HW 6 - Due Friday Feb 24

Do all of the problems indicated.  Write up and turn in the starred problems.  Your solutions should be written clearly so that a fellow UGA student could fully understand your answer (except where directed otherwise).  Include pictures as needed.  Each problem will be graded out of 5 points.

Read sections 10.1, 10.2, and 10.3.


10.1
Practice p. 441: 1-10
Problems p. 442: 2, 3*, 4 (For #3, write your answer as if you were teaching children)

10.2
Practice p. 446: 1, 2, 3
Problems pp. 447-448: 1, 2, 3*, 5, 6, 7
(Though I'm not having you turn in #6 or #7, be certain to fully work out and write up at least one of their solutions.)

Here are some solutions to this homework.

What I liked about these two takes on the first problem was that they didn't confine themselves to shapes made up of squares. Both contain this idea of rearranging the area of eight 1 in. by 1 in. squares into shapes very different from squares.

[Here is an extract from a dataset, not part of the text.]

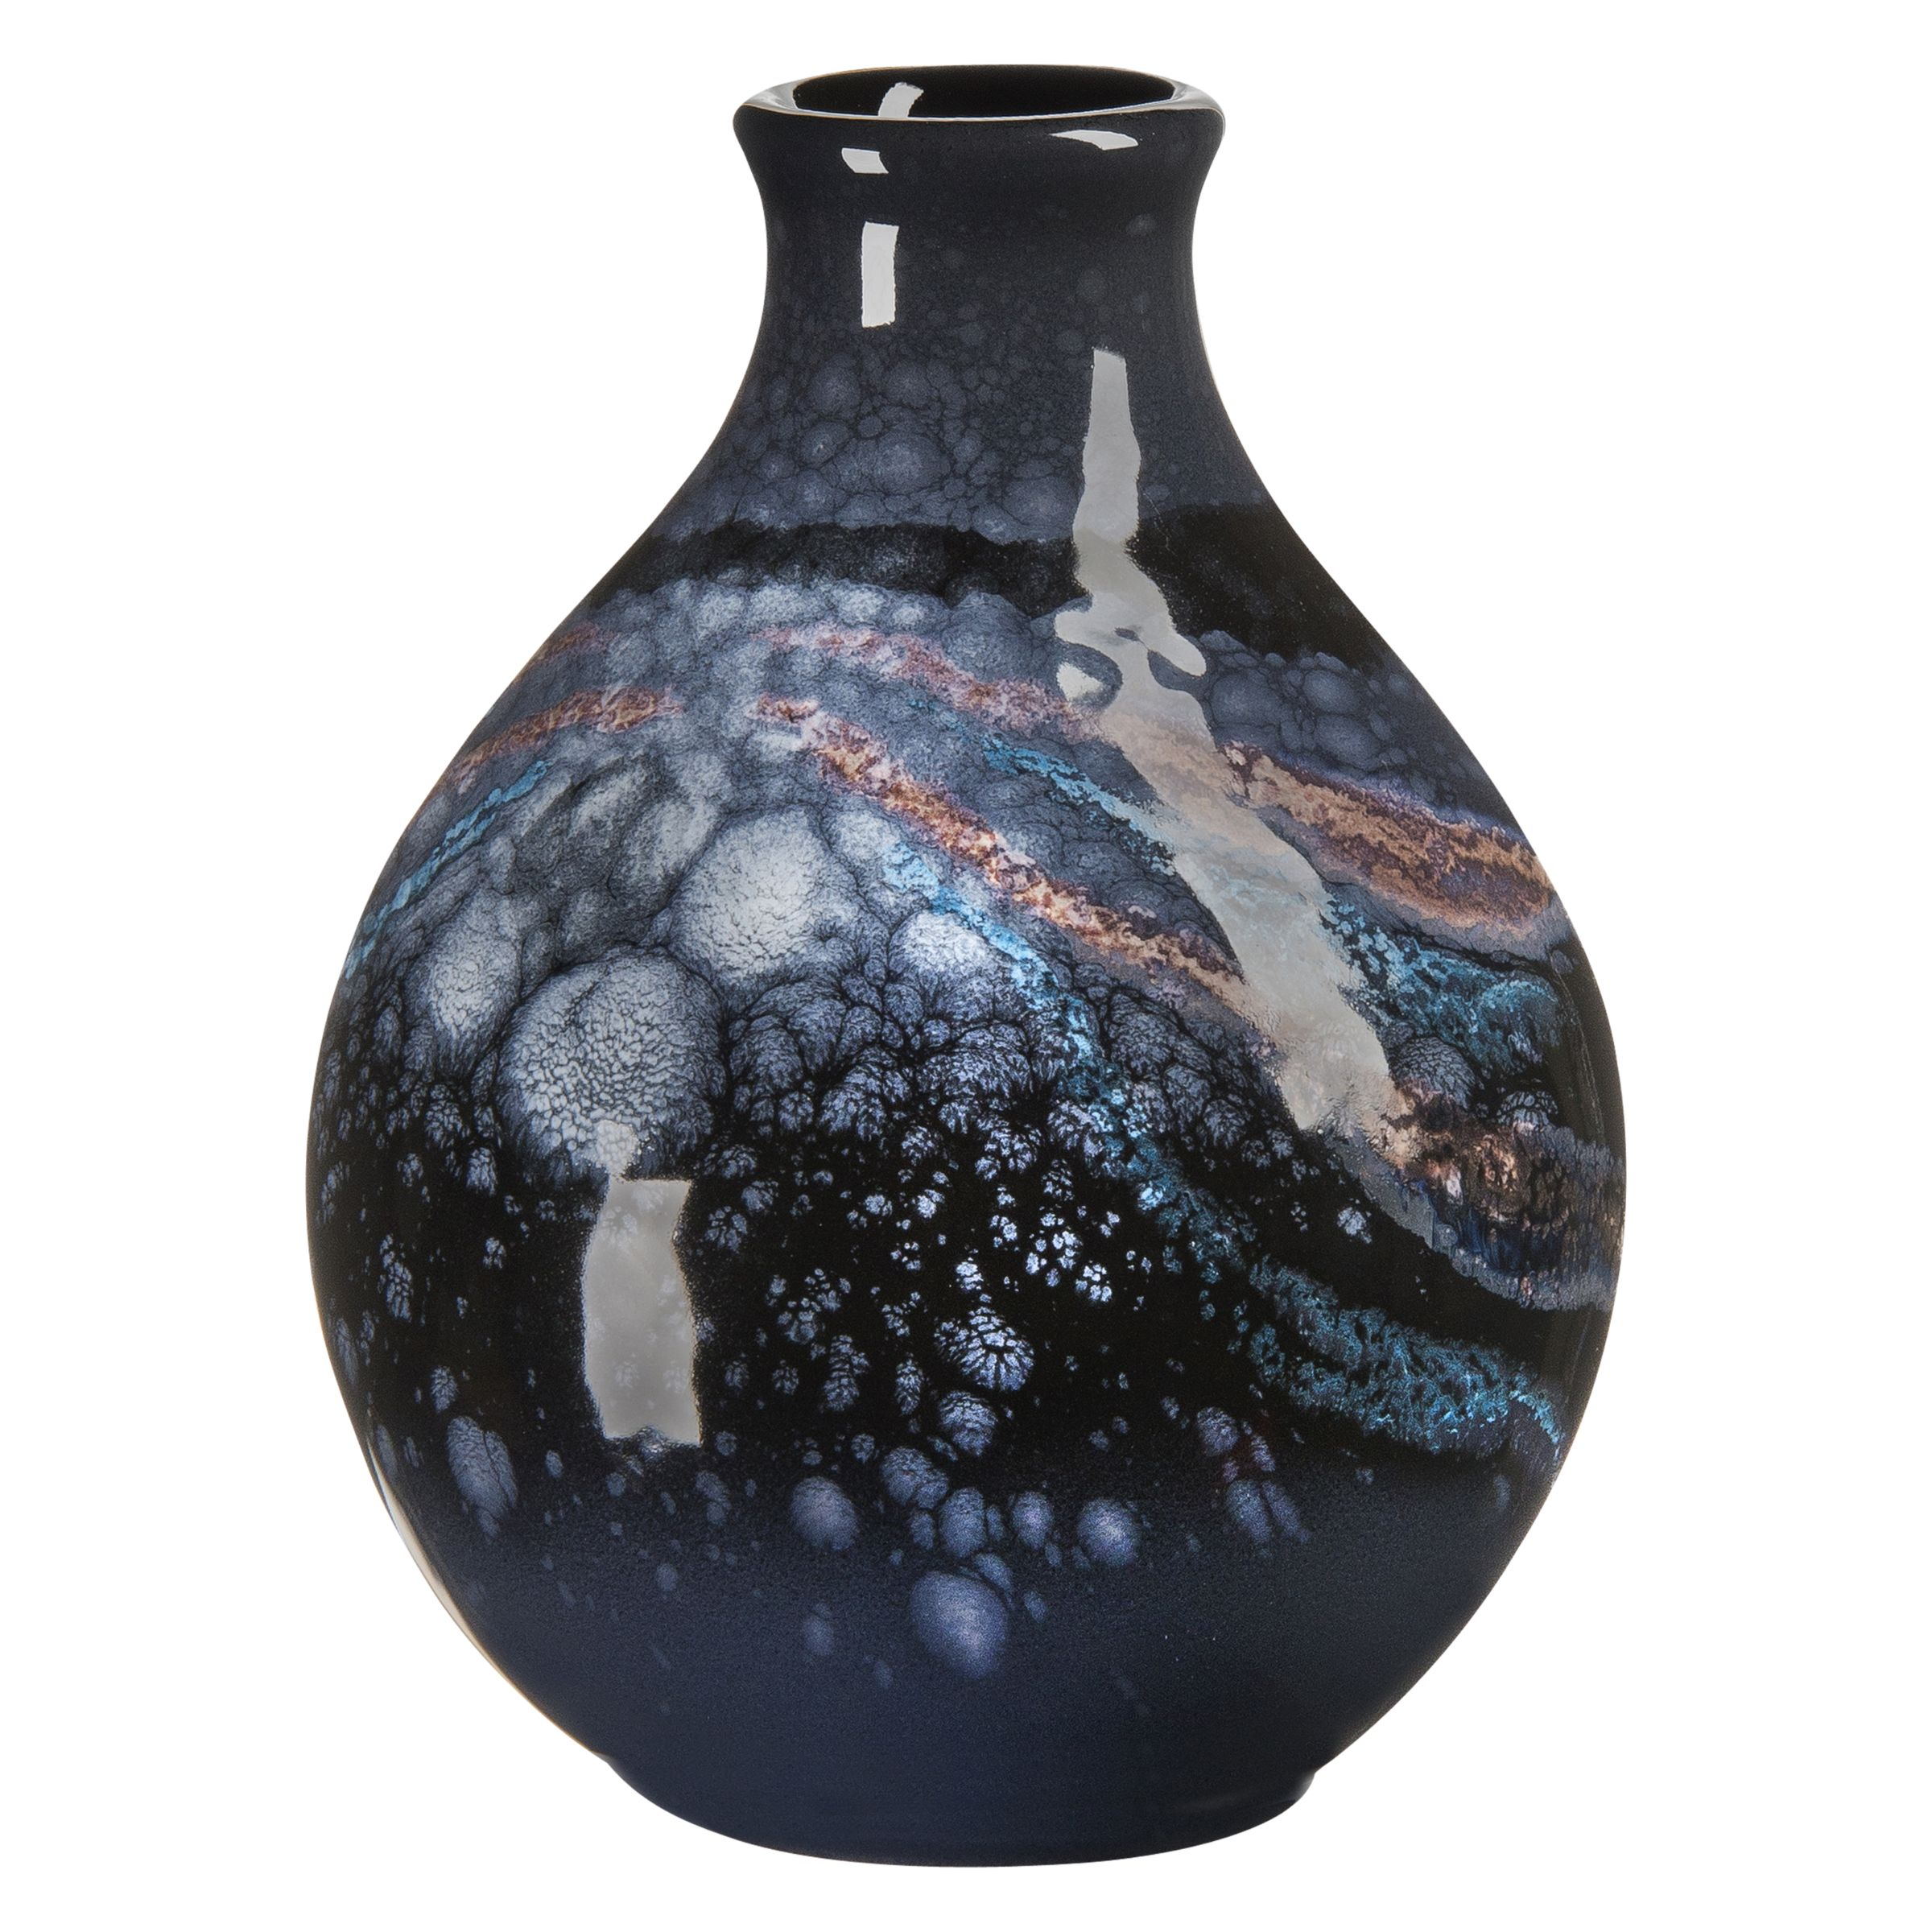 Poole Pottery Poole Pottery Celestial Bud Vase, Grey/ Blue

The solution to the second problem concisely stated the main issue at hand. The two reported distances were presumably measured by means that had different accuracy; the way in which the distances are reported reflect this. Rounding can also account for the difference. In whatever context it was written, rounding to the nearest 1000th kilometer may have been sufficient. Note that the distance 384,467 km cannot be the exact measurement. Such measurements are inherently inexact since there is effectively always a finer ruler that could be used. (Of course these notions become, well, "fuzzy" by the time you get to subatomic scales...)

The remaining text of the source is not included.